Study material →
══════════════════════════════

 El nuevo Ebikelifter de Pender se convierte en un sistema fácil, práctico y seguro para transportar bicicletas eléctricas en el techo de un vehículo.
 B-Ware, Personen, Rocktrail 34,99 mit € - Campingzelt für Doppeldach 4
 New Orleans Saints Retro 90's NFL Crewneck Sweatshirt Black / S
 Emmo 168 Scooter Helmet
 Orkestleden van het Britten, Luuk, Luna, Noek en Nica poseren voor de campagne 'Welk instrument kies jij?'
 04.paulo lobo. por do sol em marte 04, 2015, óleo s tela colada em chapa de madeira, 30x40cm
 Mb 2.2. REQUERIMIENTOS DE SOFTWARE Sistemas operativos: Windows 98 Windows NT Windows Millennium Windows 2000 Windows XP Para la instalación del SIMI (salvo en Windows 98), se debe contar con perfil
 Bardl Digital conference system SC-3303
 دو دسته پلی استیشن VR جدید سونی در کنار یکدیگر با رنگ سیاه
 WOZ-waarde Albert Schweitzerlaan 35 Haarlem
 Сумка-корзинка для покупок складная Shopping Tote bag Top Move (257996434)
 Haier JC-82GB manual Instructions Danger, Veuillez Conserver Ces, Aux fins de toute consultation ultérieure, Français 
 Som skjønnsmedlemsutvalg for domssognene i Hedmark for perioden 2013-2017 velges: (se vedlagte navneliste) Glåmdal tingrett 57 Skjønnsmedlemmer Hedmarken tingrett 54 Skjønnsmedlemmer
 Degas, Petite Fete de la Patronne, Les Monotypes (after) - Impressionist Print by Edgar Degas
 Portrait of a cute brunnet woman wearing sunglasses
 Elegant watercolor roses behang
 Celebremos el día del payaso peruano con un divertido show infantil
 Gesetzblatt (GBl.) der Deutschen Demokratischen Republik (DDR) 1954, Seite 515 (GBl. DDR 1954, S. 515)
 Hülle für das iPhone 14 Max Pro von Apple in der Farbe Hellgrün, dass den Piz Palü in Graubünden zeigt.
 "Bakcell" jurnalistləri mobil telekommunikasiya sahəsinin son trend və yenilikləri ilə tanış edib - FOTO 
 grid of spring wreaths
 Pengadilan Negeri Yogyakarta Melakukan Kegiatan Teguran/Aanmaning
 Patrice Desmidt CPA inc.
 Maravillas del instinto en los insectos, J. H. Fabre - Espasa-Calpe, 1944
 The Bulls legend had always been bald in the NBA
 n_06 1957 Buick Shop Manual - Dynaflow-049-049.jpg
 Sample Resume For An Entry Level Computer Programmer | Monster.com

══════════════════════════════

Exercise goal → Retype the lines above, keeping every character.

Solved exercise →
 El nuevo Ebikelifter de Pender se convierte en un sistema fácil, práctico y seguro para transportar bicicletas eléctricas en el techo de un vehículo.
 B-Ware, Personen, Rocktrail 34,99 mit € - Campingzelt für Doppeldach 4
 New Orleans Saints Retro 90's NFL Crewneck Sweatshirt Black / S
 Emmo 168 Scooter Helmet
 Orkestleden van het Britten, Luuk, Luna, Noek en Nica poseren voor de campagne 'Welk instrument kies jij?'
 04.paulo lobo. por do sol em marte 04, 2015, óleo s tela colada em chapa de madeira, 30x40cm
 Mb 2.2. REQUERIMIENTOS DE SOFTWARE Sistemas operativos: Windows 98 Windows NT Windows Millennium Windows 2000 Windows XP Para la instalación del SIMI (salvo en Windows 98), se debe contar con perfil
 Bardl Digital conference system SC-3303
 دو دسته پلی استیشن VR جدید سونی در کنار یکدیگر با رنگ سیاه
 WOZ-waarde Albert Schweitzerlaan 35 Haarlem
 Сумка-корзинка для покупок складная Shopping Tote bag Top Move (257996434)
 Haier JC-82GB manual Instructions Danger, Veuillez Conserver Ces, Aux fins de toute consultation ultérieure, Français 
 Som skjønnsmedlemsutvalg for domssognene i Hedmark for perioden 2013-2017 velges: (se vedlagte navneliste) Glåmdal tingrett 57 Skjønnsmedlemmer Hedmarken tingrett 54 Skjønnsmedlemmer
 Degas, Petite Fete de la Patronne, Les Monotypes (after) - Impressionist Print by Edgar Degas
 Portrait of a cute brunnet woman wearing sunglasses
 Elegant watercolor roses behang
 Celebremos el día del payaso peruano con un divertido show infantil
 Gesetzblatt (GBl.) der Deutschen Demokratischen Republik (DDR) 1954, Seite 515 (GBl. DDR 1954, S. 515)
 Hülle für das iPhone 14 Max Pro von Apple in der Farbe Hellgrün, dass den Piz Palü in Graubünden zeigt.
 "Bakcell" jurnalistləri mobil telekommunikasiya sahəsinin son trend və yenilikləri ilə tanış edib - FOTO 
 grid of spring wreaths
 Pengadilan Negeri Yogyakarta Melakukan Kegiatan Teguran/Aanmaning
 Patrice Desmidt CPA inc.
 Maravillas del instinto en los insectos, J. H. Fabre - Espasa-Calpe, 1944
 The Bulls legend had always been bald in the NBA
 n_06 1957 Buick Shop Manual - Dynaflow-049-049.jpg
 Sample Resume For An Entry Level Computer Programmer | Monster.com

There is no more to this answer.